Reid Barton (Apr 19 2023 at 08:02):

Hmm, I'm not sure. In the background, I was thinking of constructible sets and quantifier elimination. But that is almost invisible, because it's so easy to say when a complex polynomial does (or doesn't) have a root.

Jean-Baptiste Vienney (Apr 19 2023 at 17:31):

Can you explain quickly how it is related to constructible sets and quantifier elimination? :)

John Baez (Apr 19 2023 at 18:26):

At least you're not saying "Quick question: how it is related to constructible sets and quantifier elimination?"

John Baez (Apr 19 2023 at 18:26):

I tend to say "Quick question $\implies$ long answer."
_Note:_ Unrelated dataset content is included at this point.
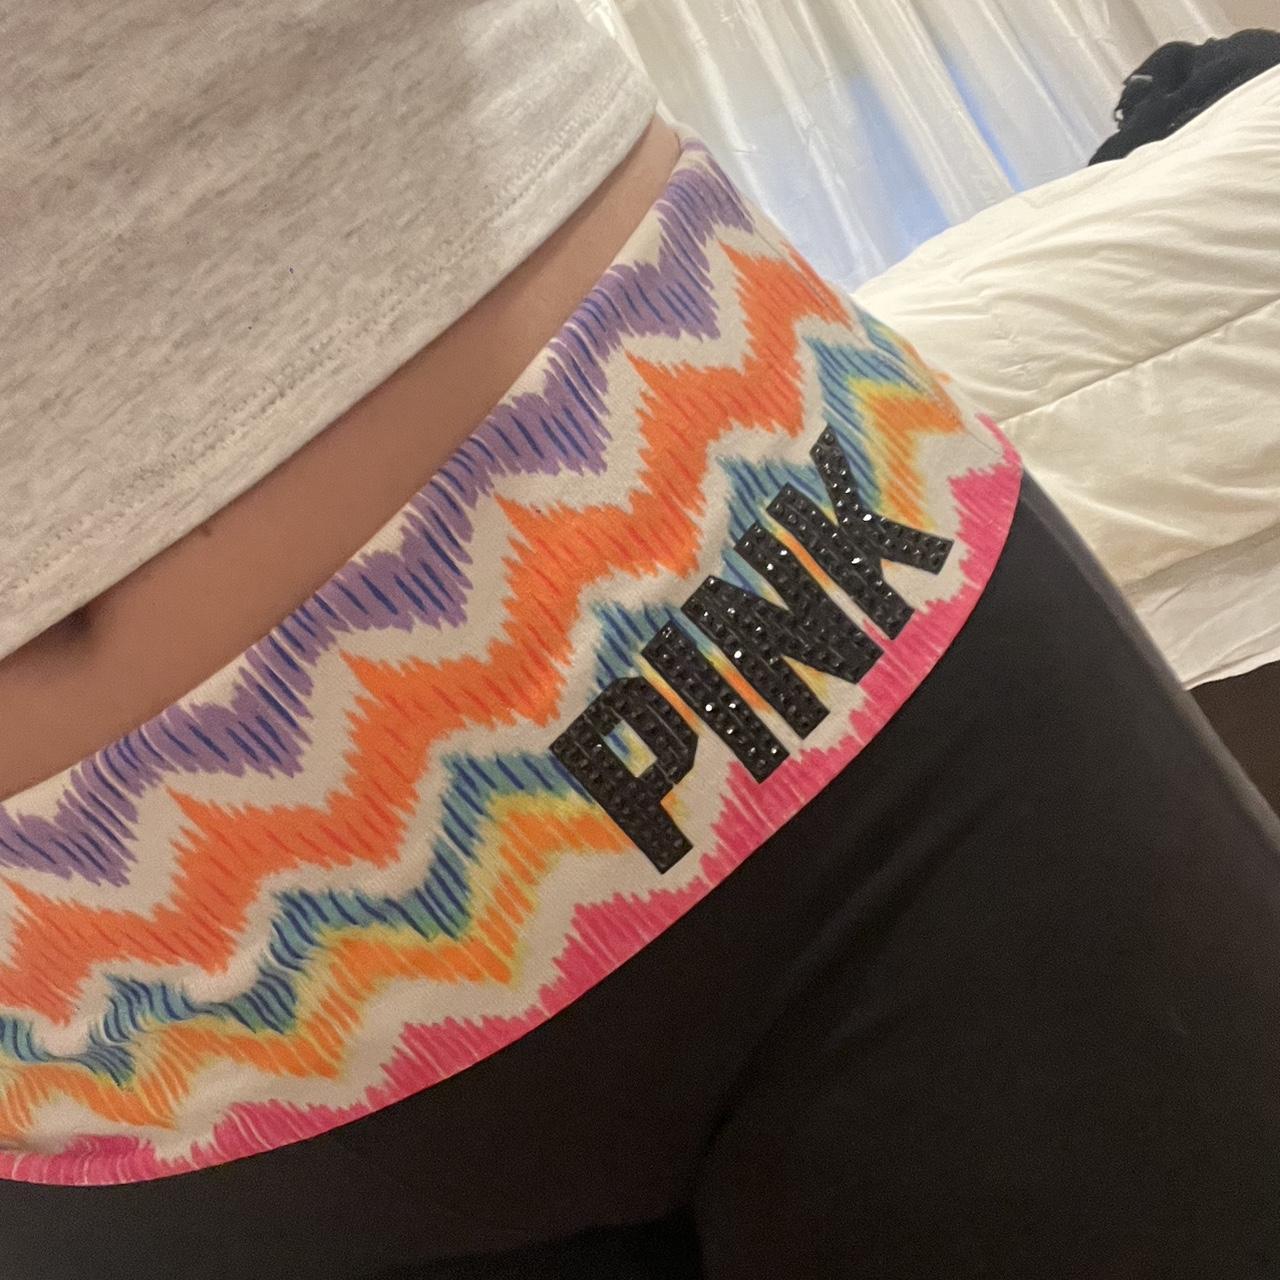 Victoria’s Secret pink flare yoga pants. Colorful

Reid Barton (Apr 22 2023 at 10:22):

If we look at the projection of the zero set of a general polynomial $P(x,y)$ to the $x$ -axis [still working over an alg. closed field like the complex numbers!] , it either consists of finitely many points, or is the complement of finitely many points. The second case is the generic one.
Was that quick enough? :upside_down:

Jean-Baptiste Vienney (Apr 22 2023 at 18:04):

Thank you, it was maybe even a little bit too quick :) . I said "quickly" because I didn't want to obligate you to explain what is a constructible set and quantifier elimination but in fact I know almost nothing about these subjects and I always find it easier when someone gives me first good explanations or motivation before going into books :grinning_face_with_smiling_eyes:

Jean-Baptiste Vienney (Apr 22 2023 at 18:07):

Well, I have just an intuitive idea: I know that quantifier elimination amounts to prove that a proposition in some theory in first order classical logic is equivalent to one without quantifiers (example: a real univariate polynomial of degree 2 admits a real root if and only if $\Delta \ge 0$ ) and I guess that constructible sets are sets that you build by iterating practical operations (maybe taking roots of polynomials?) and not using abstract operations like in set theory, for example the general comprehension axiom.

Jean-Baptiste Vienney (Apr 22 2023 at 18:08):

But I don't know how to relate this to your quick answer.